Simon Bliudze: Science of Computer Programming (SCICO), Journal of Logical and Algebraic Methods in Programming (JLAMP)
Laurence Duchien: Journal of Systems and Software (JSS).
Pierre Laperdrix: IEEE Access, Emerald Journal of Intellectual Capital.
Philippe Merle: ACM Computing Surveys (CSUR), Elsevier Future Generation Computer Systems (FGCS), IEEE Transactions on Services Computing (TSC), IEEE Access, Wiley Software Practice and Experience (SPE).
Clément Quinton: Elsevier Information and Software Technology (IST), Science of Computer Programming (SCICO).
Romain Rouvoy: Elsevier Information and Software Technology (IST), Elsevier Journal of Systems and Software (JSS), ACM Transactions on Internet of Things (TOIT), ACM Computing Surveys (CSUR), IEEE Transactions on Software Engineering (TSE).

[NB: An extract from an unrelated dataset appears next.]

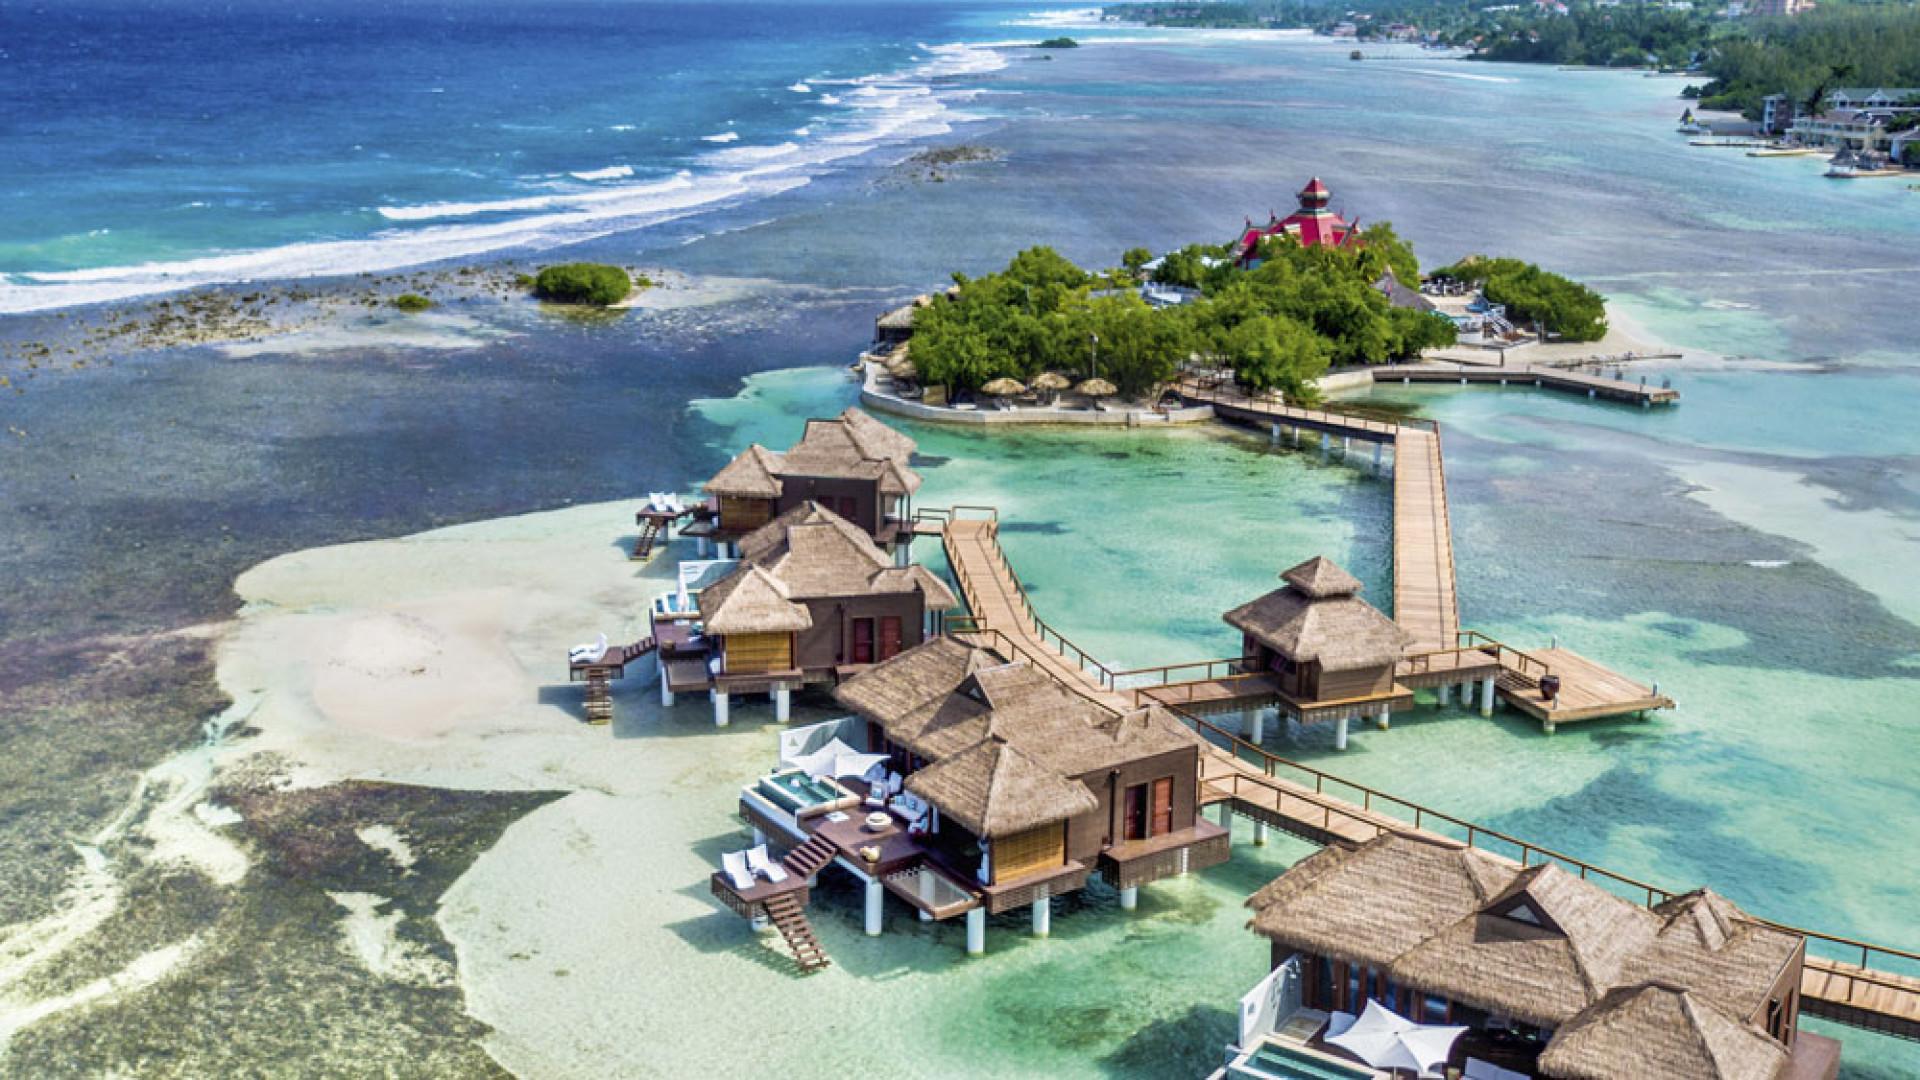 Sandals over-the-water villas at Royal Caribbean Resort, Jamaica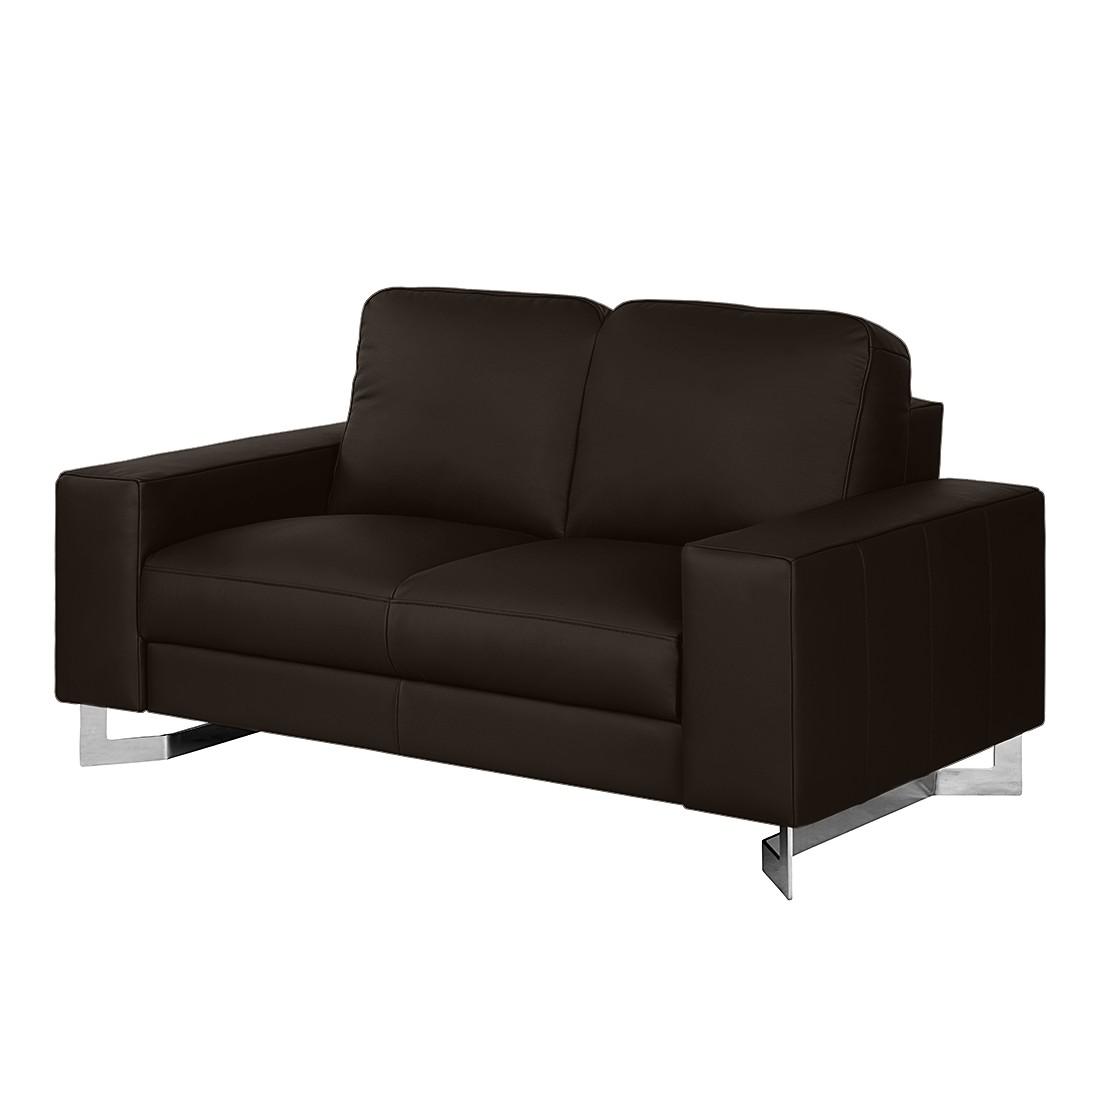 sofa licata 2 sitzer echtleder dunkelbraun nuovoform g nstig. Black Bedroom Furniture Sets. Home Design Ideas

Walter Rudametkin Ivey: ACM Transactions on the Web (TWEB), IEEE Transactions on Services Computing (TSC), IEEE Communications Magazine.
Lionel Seinturier: ACM Transactions on Software Engineering and Methodology (TOSEM), Springer Journal of Internet Services and Applications (JISA), Wiley Journal of Software Evolution and Process (JSME).
Simon Bliudze gave a tutorial on the Rigorous Component-based Design in BIP at the 6th International Symposium on Model-Based Safety and Assessment (IMBSA) and an invited lecture on Component-Based Design of Concurrent Software in BIP for a group of Master 2 students at the Aristotle University of Thessaloniki (Greece).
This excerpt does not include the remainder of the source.